Please retype the listing below word for word and exclude its images.

- Material provided:
◇ ◇ ◇ ◇ ◇ ◇ ◇
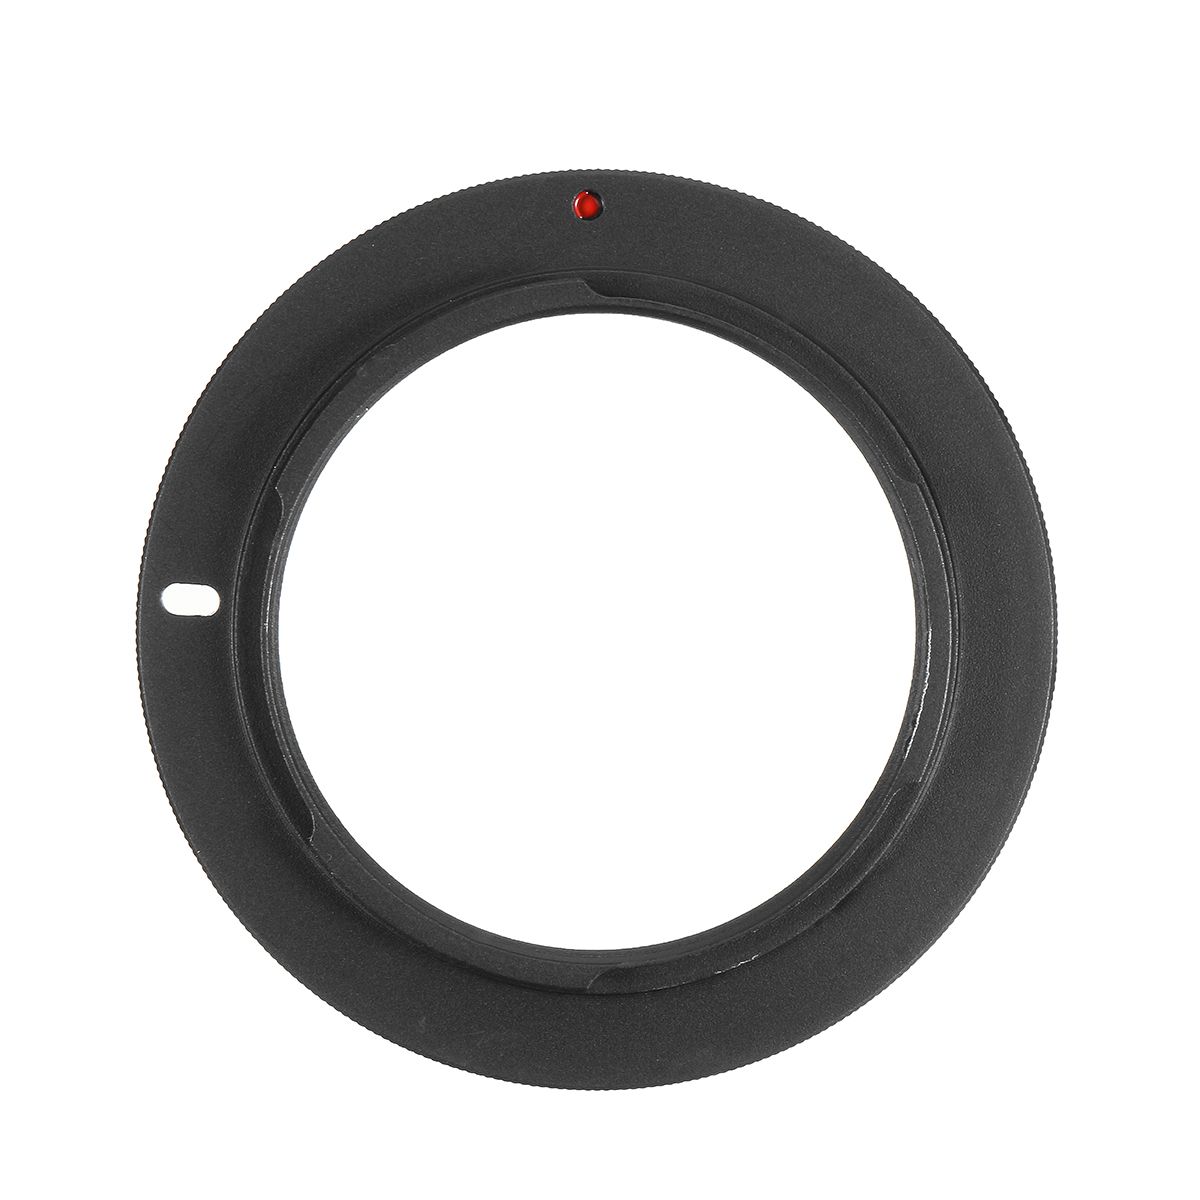 Adapter-Ring-for-M42-Lens-To-AI-Lenses-Nikon-F-D70s-D3100-D100-D7000-D5100-D80-1131531
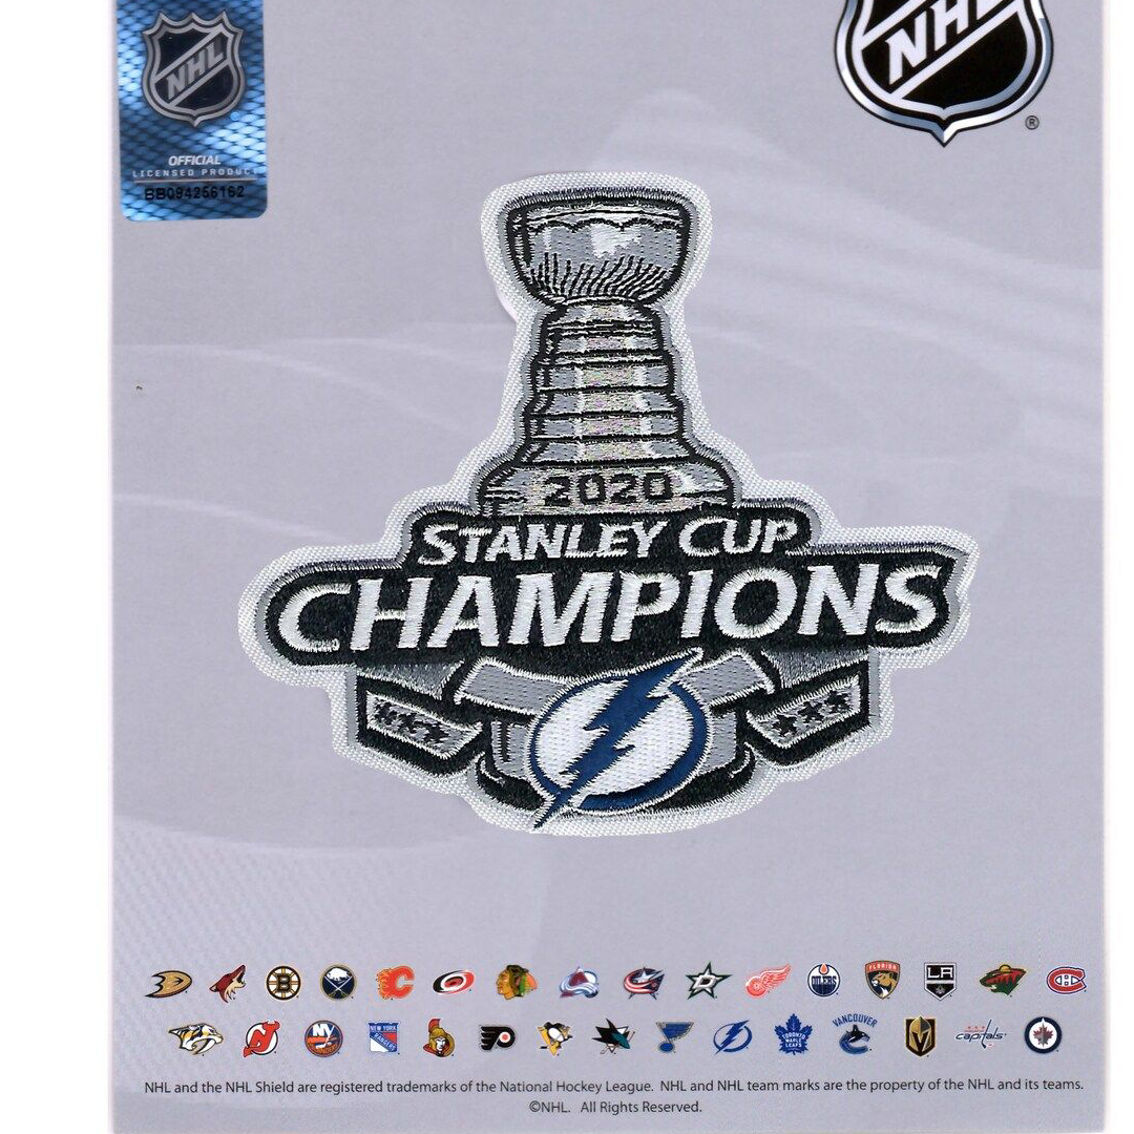 Tampa Bay Lightning Alternate Logo - National Hockey League (NHL
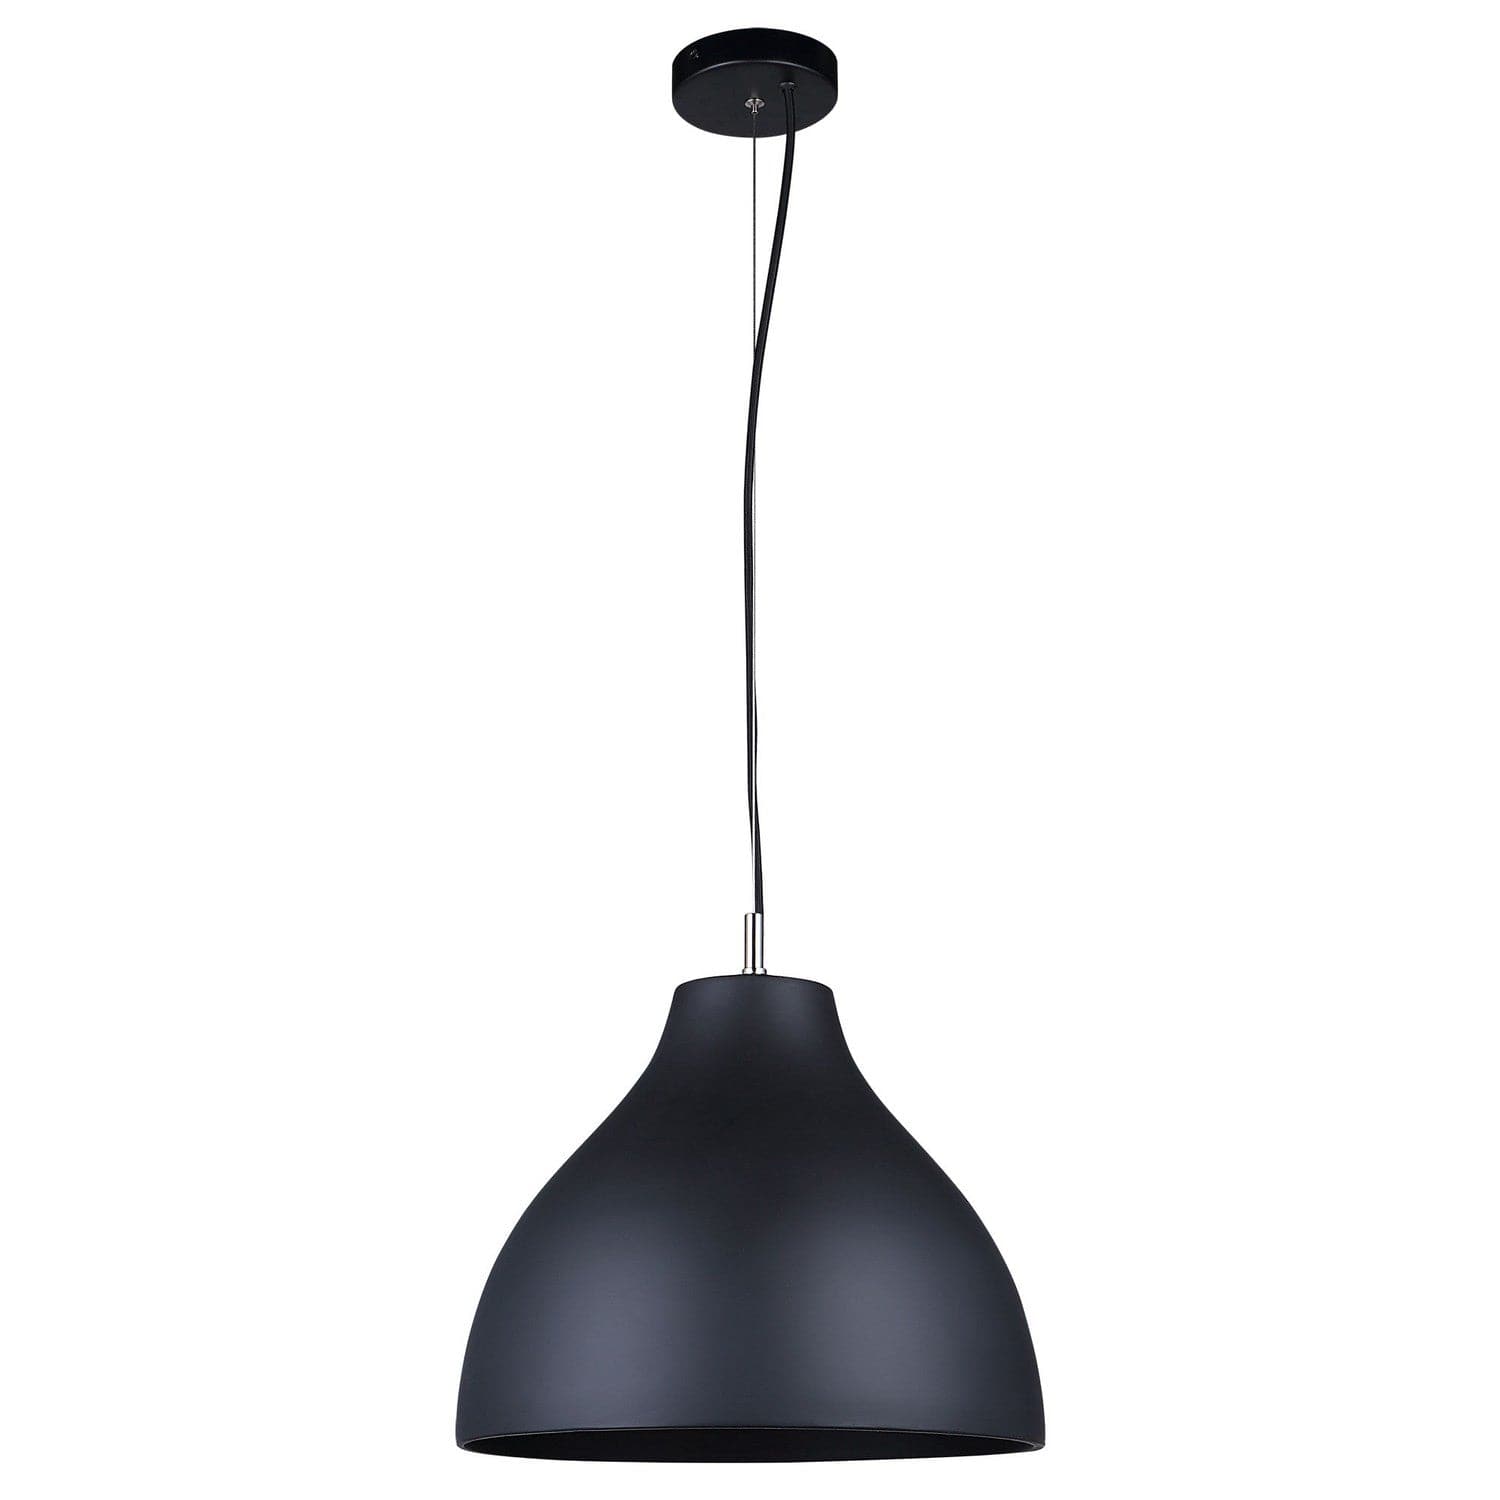 Renwil - LPC125B - One Light Ceiling Fixture - Chantal - Black
◇ ◇ ◇ ◇ ◇ ◇ ◇
- Solved problem:
 Adapter-Ring-for-M42-Lens-To-AI-Lenses-Nikon-F-D70s-D3100-D100-D7000-D5100-D80-1131531
 Tampa Bay Lightning Alternate Logo - National Hockey League (NHL
 Renwil - LPC125B - One Light Ceiling Fixture - Chantal - Black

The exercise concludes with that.